### WHAT IS EXPECTED
All of the data should be copied exactly, with the pictures left out.

### DATASET EXTRACT
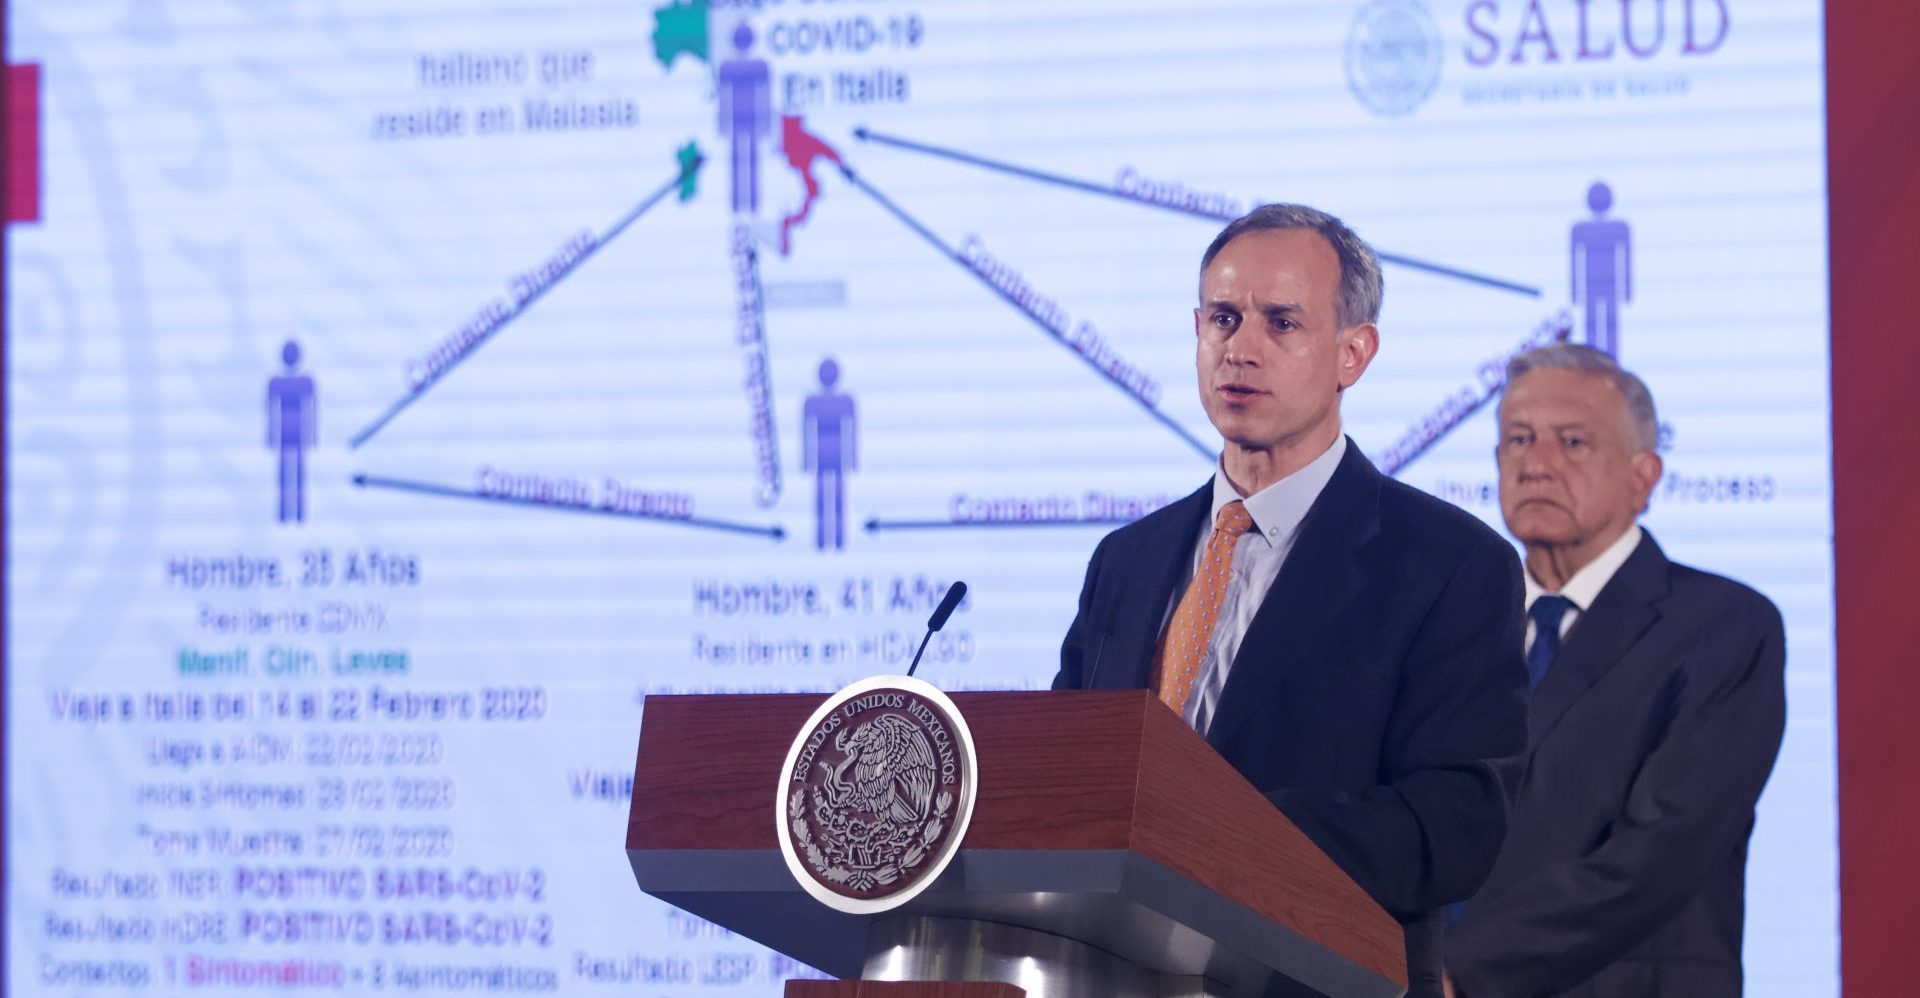 Gobierno pide tomar medidas preventivas contra coronavirus
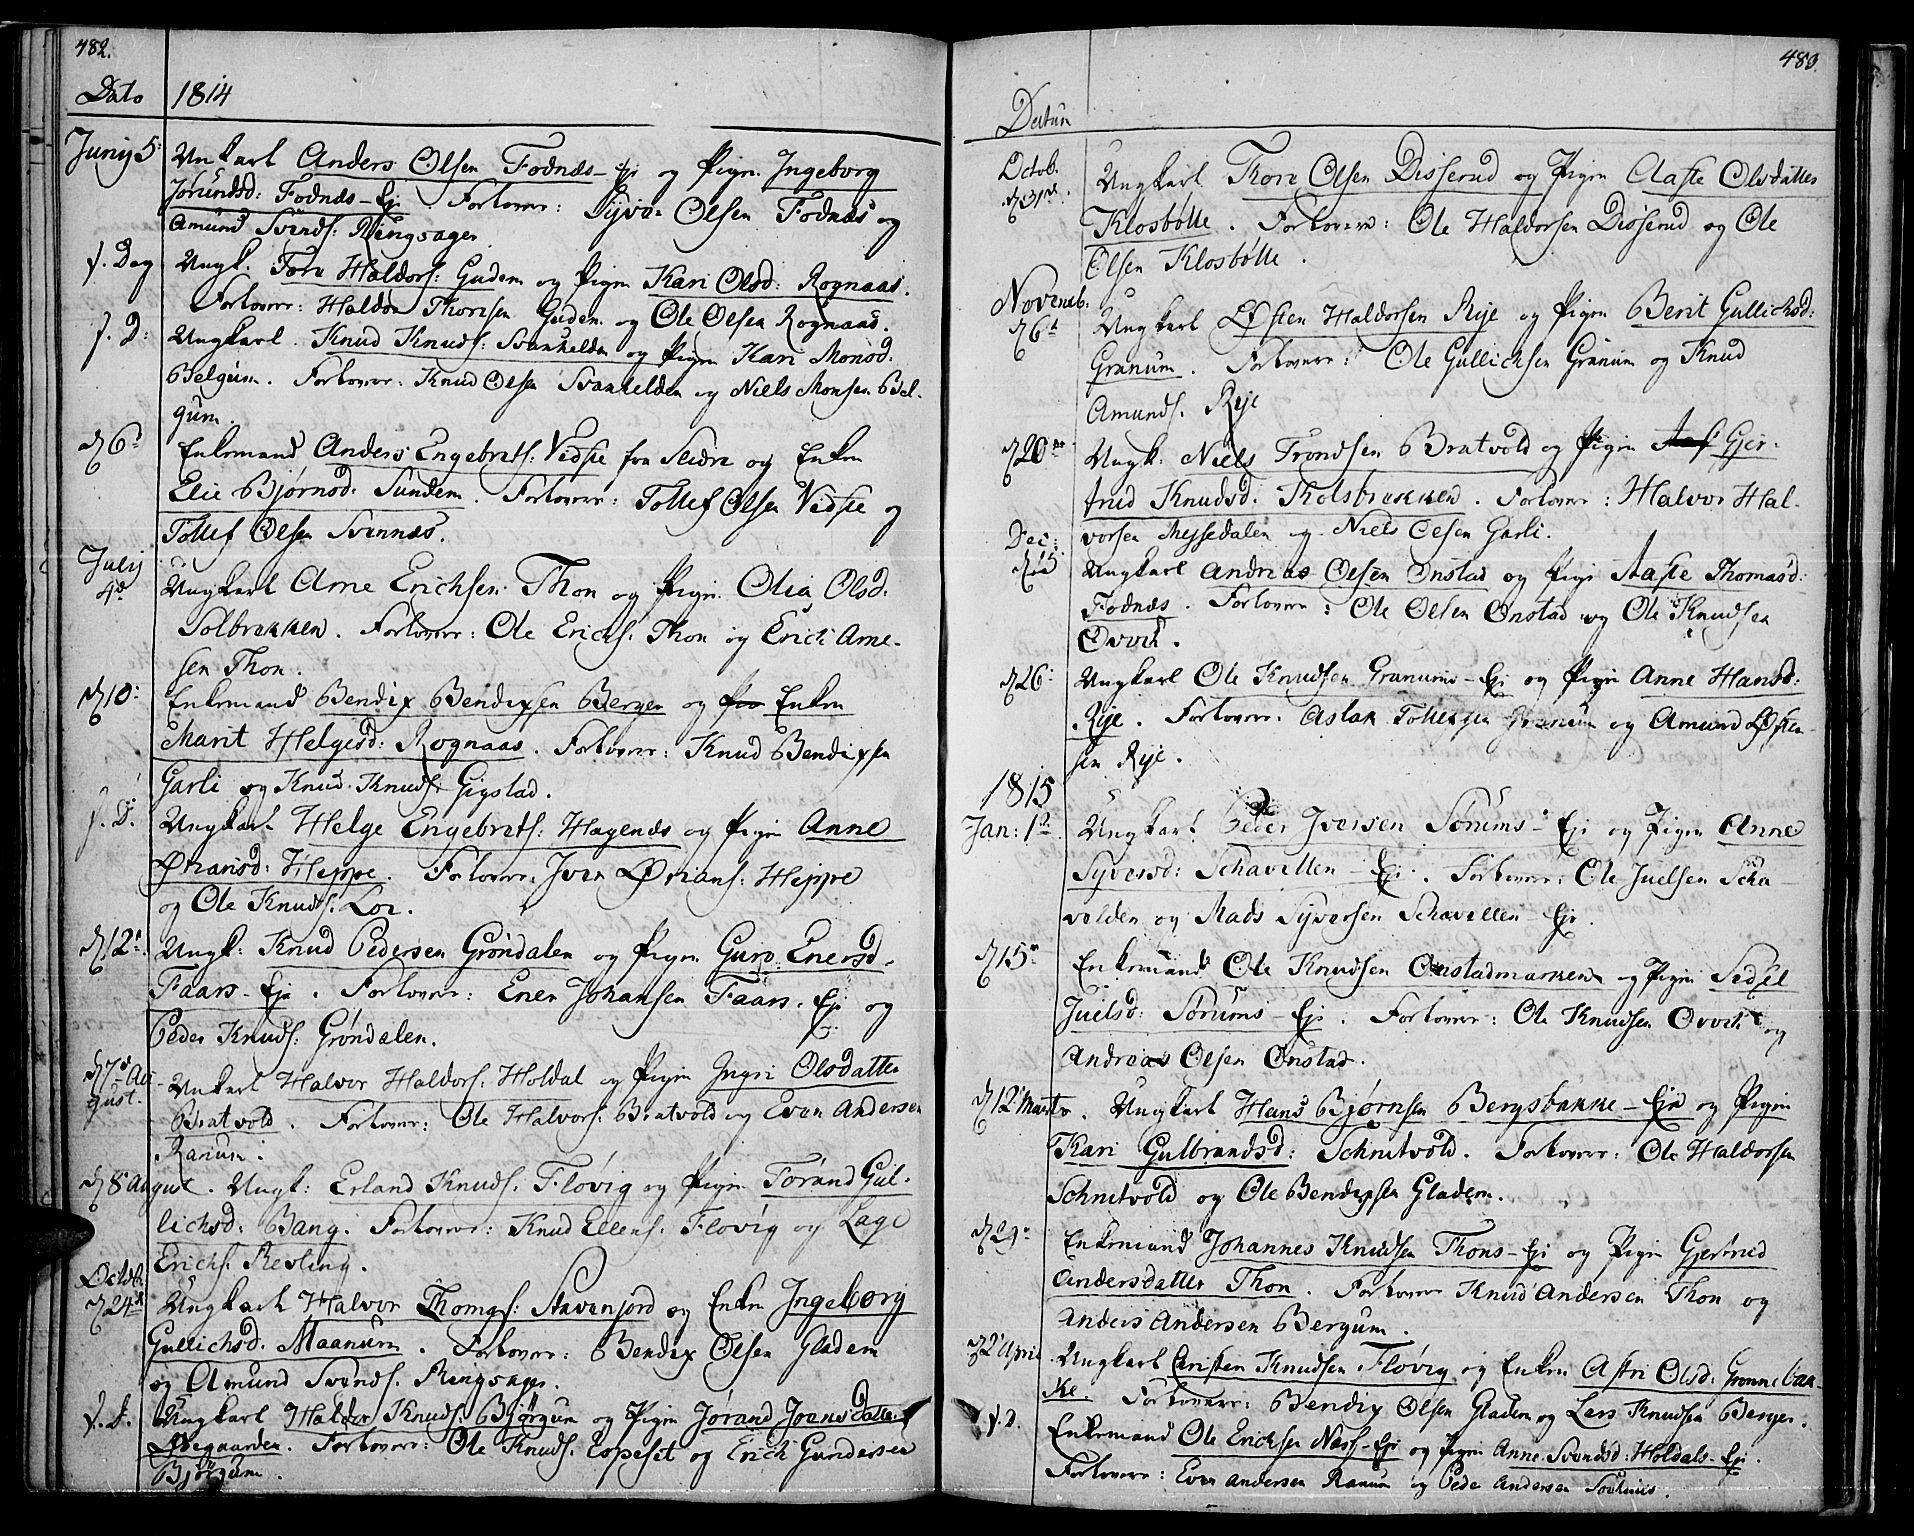 SAH, Nord-Aurdal prestekontor, Ministerialbok nr. 1, 1808-1815, s. 482-483
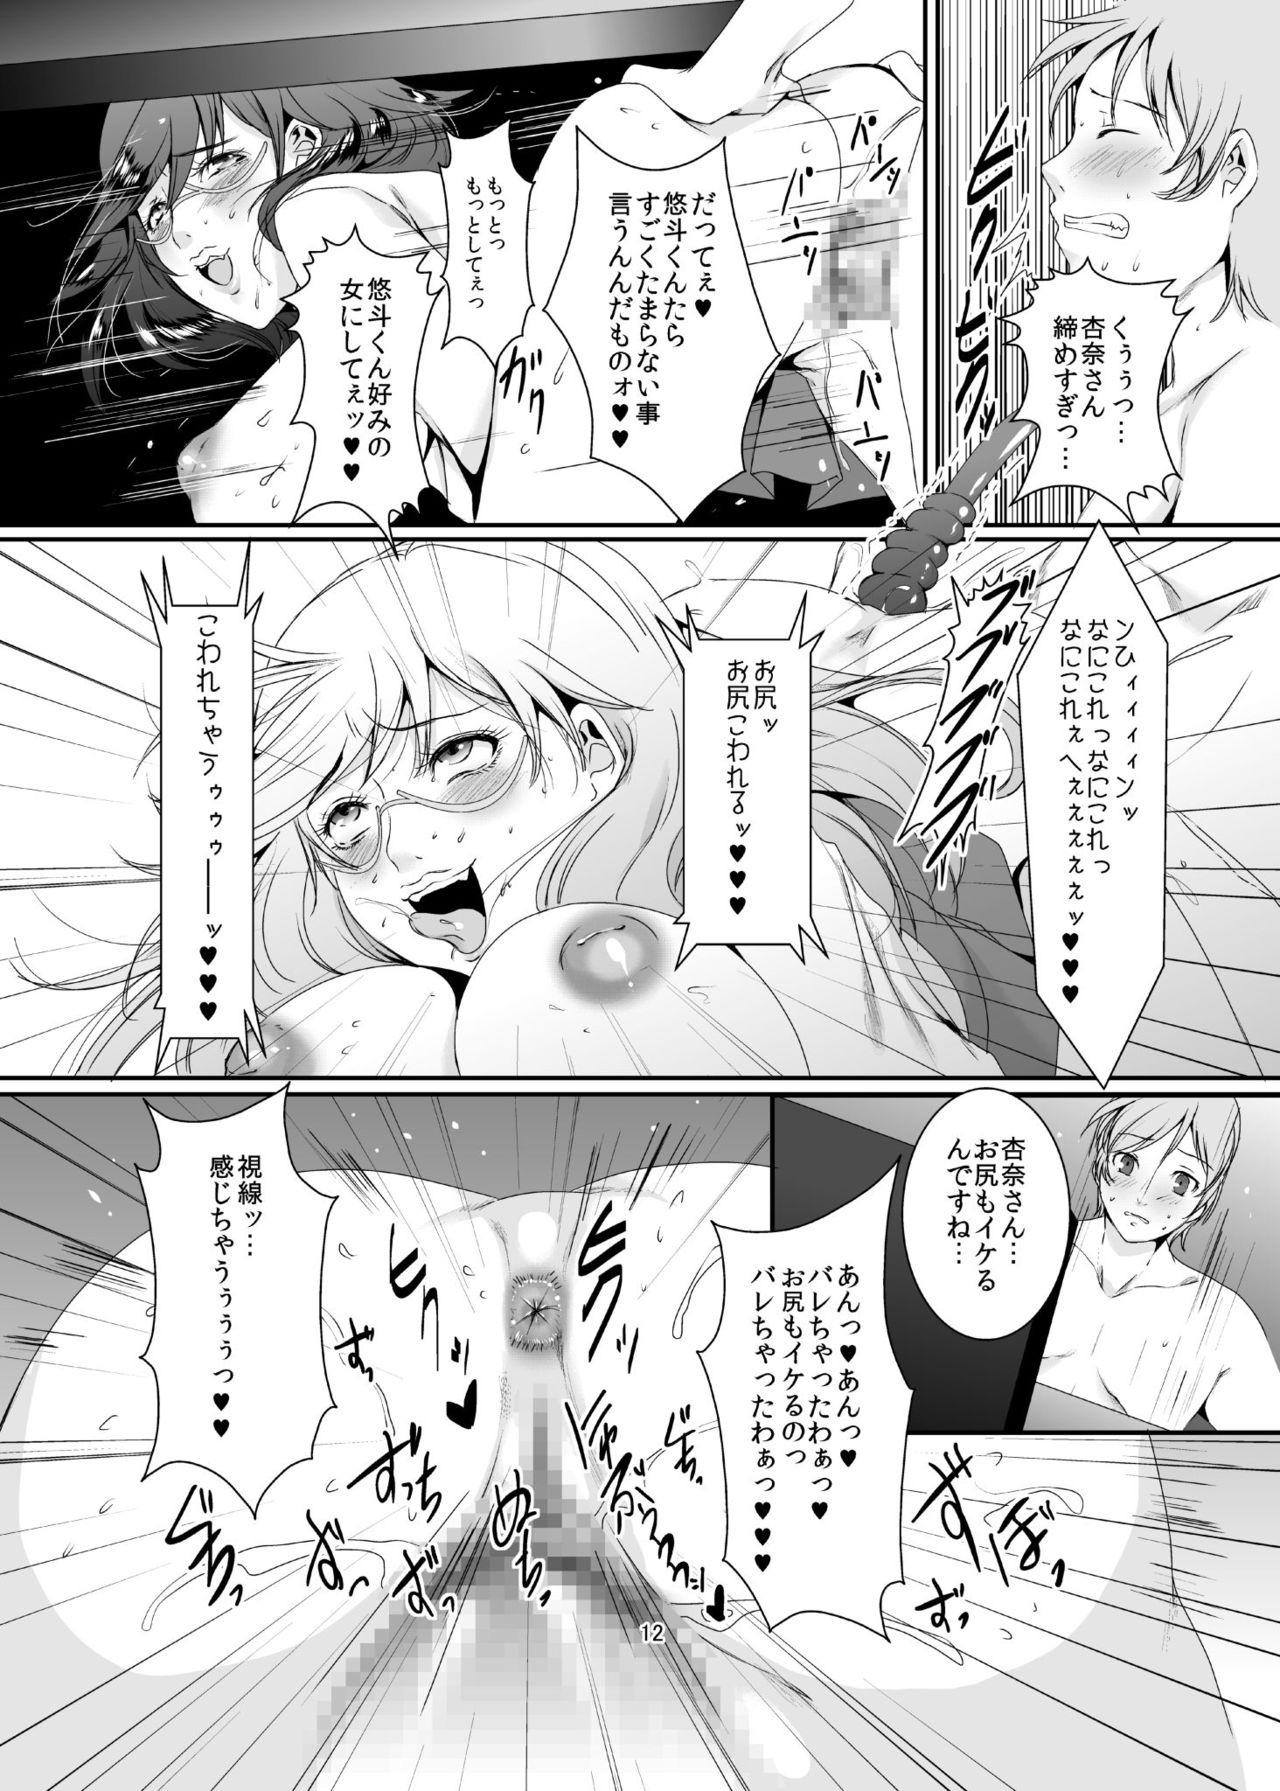 [Sprechchor (Eguchi Chibi)] Oku-sama wa Moto Yariman -Besluted- 5 [Digital] 12

### FINISHED EXERCISE
 Gobierno pide tomar medidas preventivas contra coronavirus
 SAH, Nord-Aurdal prestekontor, Ministerialbok nr. 1, 1808-1815, s. 482-483
 [Sprechchor (Eguchi Chibi)] Oku-sama wa Moto Yariman -Besluted- 5 [Digital] 12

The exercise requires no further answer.